The shooting theory was better, even though there wasn’t a mark on him. Couldn’t it have been, as some argued, a high-powered bullet traveling with such velocity that its hole fuses behind it? Still, not everyone was satisfied. Other theories were formulated, rumors became legends over the years: he’d had an allergic reaction to a bee sting, been struck by a single bolt of lightning from a freak, instantaneous electrical storm, ingested too strong a dose of insecticide from the grass blades he chewed on, sonic waves, radiation, pollution, etc. And a few of us liked to think it was simply that chasing a sinking liner, diving to make a shoestring catch, he broke his neck.

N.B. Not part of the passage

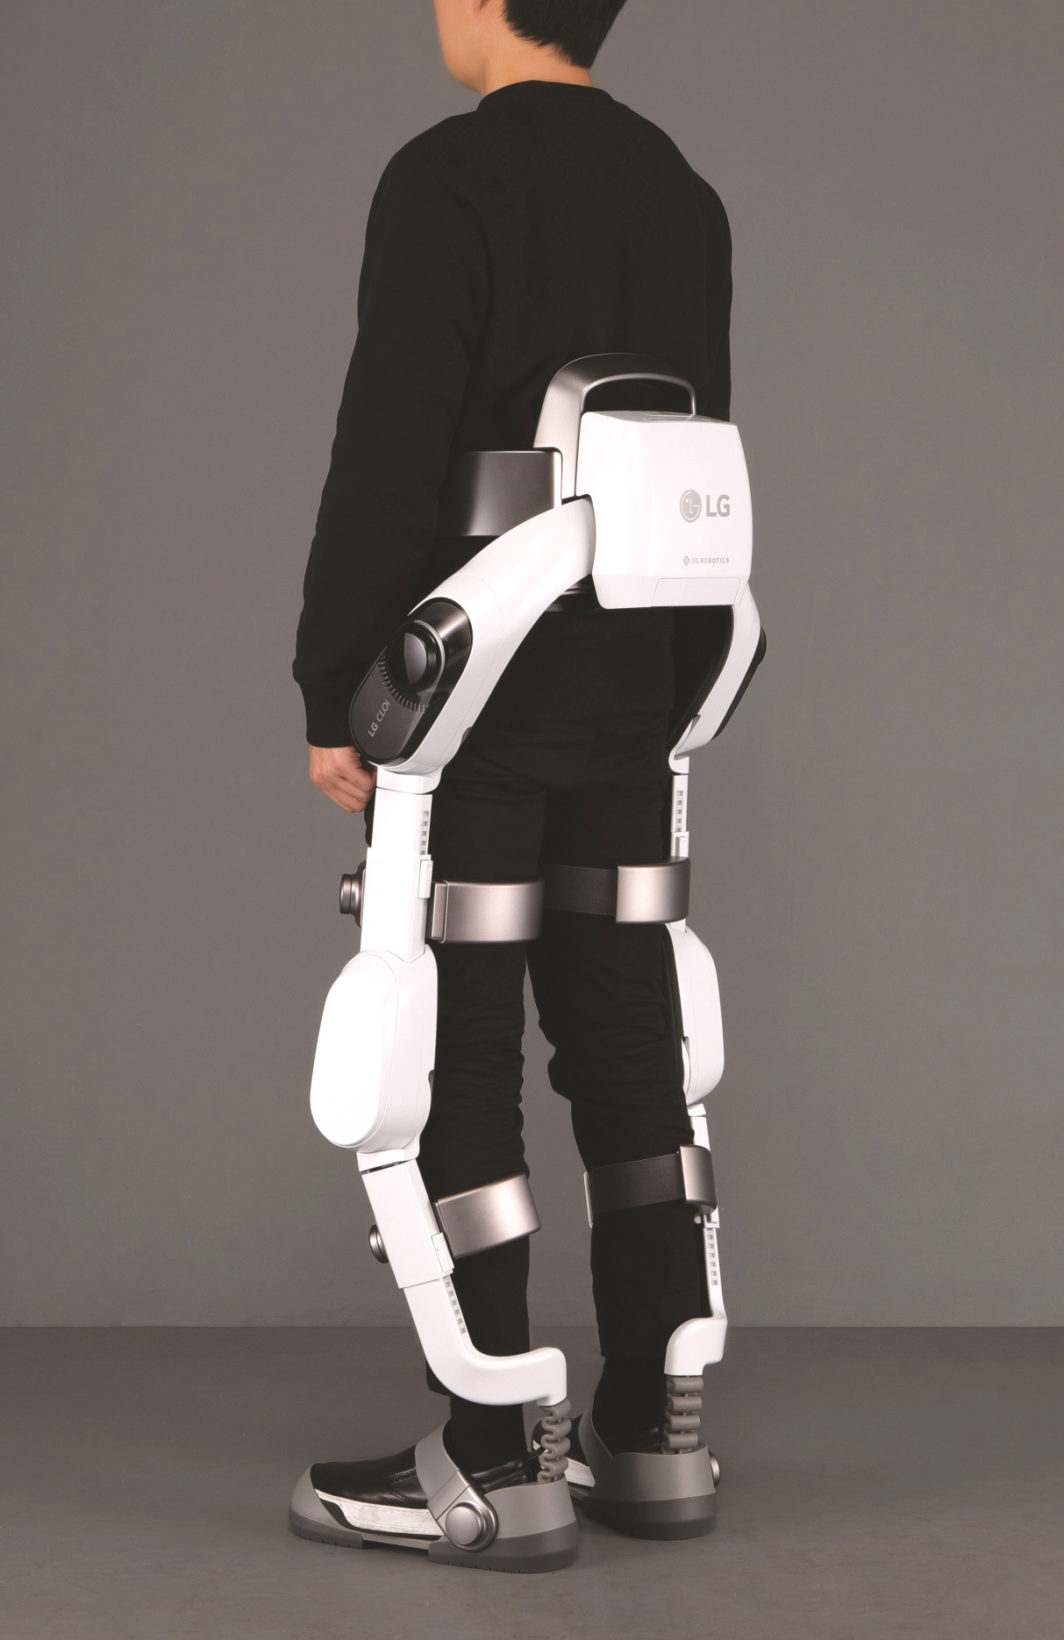 IFA 2018: LG presemta i nuovi Styler per la cura degli abiti e il primo Robot indossabile

There was a ball in the webbing of his mitt when we turned him over. His mitt had been pinned under his body and was coated with an almost luminescent gray film. There was the same gray on his black, high-top gym shoes, as if he’d been running through lime, and along the bill of his baseball cap — the blue felt one with the red C which he always denied stood for the Chicago Cubs. He may have been a loner, but he didn’t want to be identified with a loser. He lacked the sense of humor for that, lacked the perverse pride that sticking for losers season after season breeds, and the love. He was just an ordinary guy, 250 at the plate, and we stood above him not knowing what to do next. By then the guys from the other outfield positions had trotted over. Someone, the shortstop probably, suggested team prayer. But no one could think of a team prayer. So we all just stood there silently bowing our heads, pretending to pray while the shadows moved darkly across the outfield grass. After a while the entire diamond was swallowed and the field lights came on.